Publié le par Marie-Eve Thérenty

Colloque

RIRRA21-ADARR

Université Paul Valéry Montpellier 3

31 janvier, 1er et 2 février 2018

 

 

Si le terme de performance, courant dans le lexique des arts du spectacle, a, depuis les années 1970, pris un sens spécifique dans les champs, souvent perméables l’un à l’autre, des arts plastiques et de la poésie où il recouvre des interventions d’artistes ou de poètes relevant de l’art-action, il est possible, en songeant à son sens anglais – « représentation » –, d’y entendre, plus largement, la désignation d’un ensemble de pratiques littéraires qui impliquent une mise en scène de l’écrivain et soulèvent diverses questions sur les frontières de la littérature, de l’auctorialité et des genres.

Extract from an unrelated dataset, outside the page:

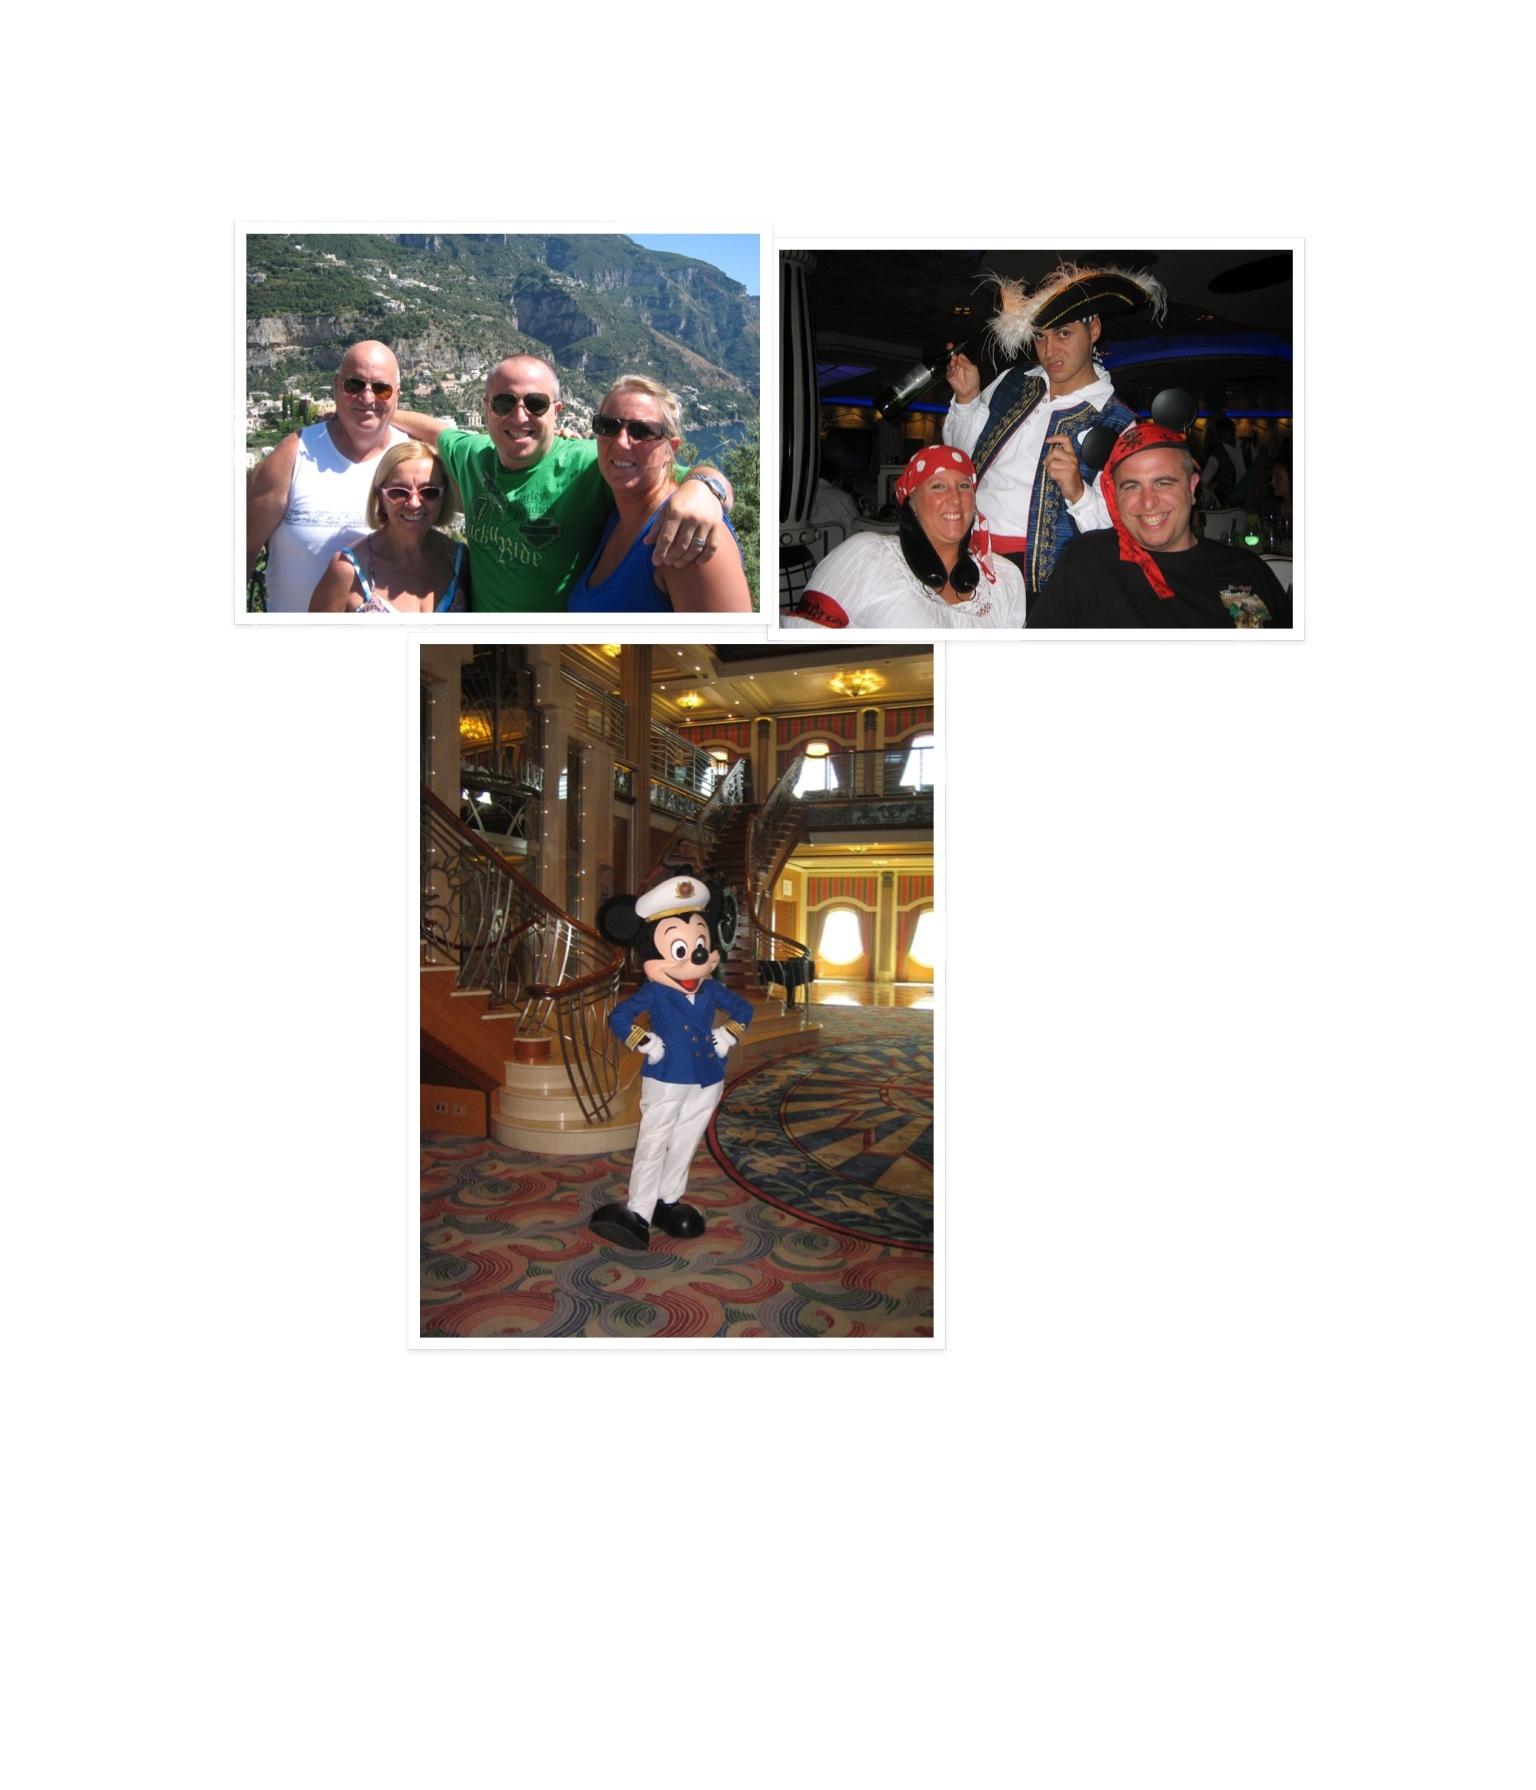 Mediterranean Cruise Disney Magic, August 31, 2013

Poème-action, lecture publique, interview, mais aussi interventions publiques moins aptes à s’inscrire dans des catégories préexistantes, nombreuses sont en effet les pratiques qui font de l’écrivain un performeur, qu’il partage l’auctorialité – et la performance – comme dans l’interview, ou reste seul auteur de son geste. Dans leur diversité, elles gagnent sans doute à être confrontées.

Lorsqu’il y a synonymie entre œuvre et performance, comme c’est le cas pour les poèmes « en chair et en os » de Julien Blaine ou les poèmes-actions de Bernard Heidsieck, l’écrivain est à la fois auteur et acteur, corps, voix, medium. L’œuvre n’existe pleinement que dans son effectuation. La diction, la posture, la gestuelle (et les accessoires éventuels telle la guitare électrique de Christophe Fiat) en sont partie intégrante au même titre que les possibles effets machiniques (projection d’images, superpositions sonores, réverbérations etc.). La publication éventuelle d’un texte, la captation photographique, l’enregistrement audio ou vidéo ne sont que partition pour la première, traces pour les autres.

À la différence de la performance stricto sensu, la lecture publique, qu’elle soit mondaine, professionnelle, cénaculaire ou spectaculaire, projette le texte préexistant dans l’espace sonore en un processus de remédiation, et ne se confond pas avec l’œuvre dont elle tire son existence et sa légitimité. Elle peut pourtant être considérée comme performance dans le sens large que nous souhaitons donner ici à ce terme dans la mesure où elle offre à l’écrivain, au-delà de la simple médiation orale de son texte, l’occasion de « produire un nouvel objet d’art […] irréductible à son support textuel » mais « adossé » à lui dont il présente « une forme particulière d’apparition[1] ». La notion de « lecture performée » révèle d’ailleurs bien la porosité des frontières entre performance stricto sensu et lecture publique.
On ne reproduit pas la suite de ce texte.